Muchos manifestantes blancos llevan pósters en contra de la supremacía blanca, la complicidad con ella, y la ignorancia. Uno de los pósters, quizás el más famoso, proclama: “Silencio blanco = violencia”.
Eslóganes como éste reflejan la creencia común de que la “sociedad blanca” es responsable del racismo, y no es difícil entender la razón por la que tantos han llegado a esta conclusión.
Vivimos en una sociedad empapada de racismo, donde la cima de nuestro sistema está ocupada, en su gran mayoría, por personas blancas.
Los políticos que mienten sobre el destino de las vidas negras, los policías que cometen los arrestos, los jueces que sentencian, y los jefes que contratan y despiden: todos son, por lo general, blancos.
Pero la ira en contra de la “complicidad blanca” no se limita a estas personas.
Entre aquellos liberales que se declaran “daltónicos”, ciegos al color de la piel, hay otro tipo de racismo encubierto que pretende cortar las alas a las expresiones de ira en contra del racismo. Se puede, dicen, sentir ira contra el esclavismo y su legado, pero ello no justifica el derrumbamiento de estatuas. Acertadamente, estas personas son también el blanco de la ira de los manifestantes.
Existen dentro de la teoría de la supremacía blanca ciertos apuntes a la idea de que todas las personas blancas son, en algún nivel, racistas, ya sea de manera consciente o inconsciente. Y que el “privilegio blanco” implica que todos los blancos se sitúan tras el interés común de perpetuar el prejuicio racial.
Iluminados
Parecería que no hay excepciones salvo por unos pocos iluminados en el campo académico de los estudios sobre la blanquitud.

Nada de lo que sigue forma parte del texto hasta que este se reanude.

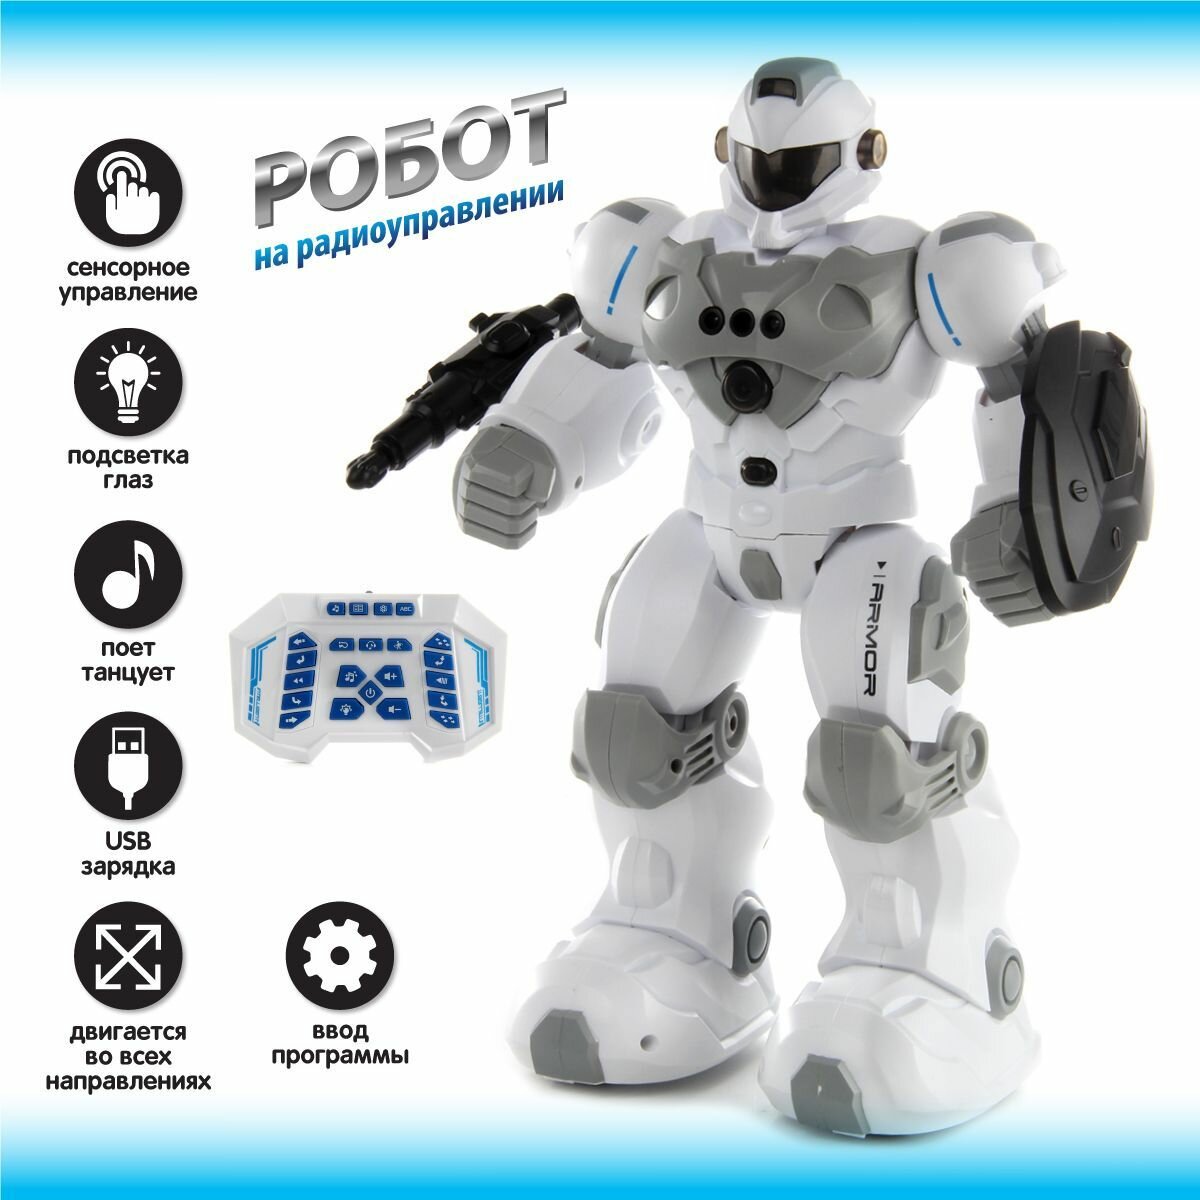 Игрушечный робот на радиоуправлении, Veld Co / Детский боевой робот на пульте управления, сенсорное управление / Интерактивная игрушка со светом и звуком для детей

Robin DiAngelo, formadora en diversidad en la Universidad de Washington y autora de White Fragility, apunta que “El problema con las personas blancas es que no escuchan. En mi experiencia, la mayoría de personas blancas no son en absoluto receptivas en lo que respecta a entender su impacto en los demás. Existe un rechazo a ver o entender, escuchar, oír, o validar”.
DiAngelo argumenta que las personas blancas temen hablar del racismo porque están implicadas personalmente en este racismo. Pero, al decir esto, DiAngelo parece no ser consciente de que este diálogo entre blancos y negros es precisamente lo que está teniendo lugar en cientos de manifestaciones.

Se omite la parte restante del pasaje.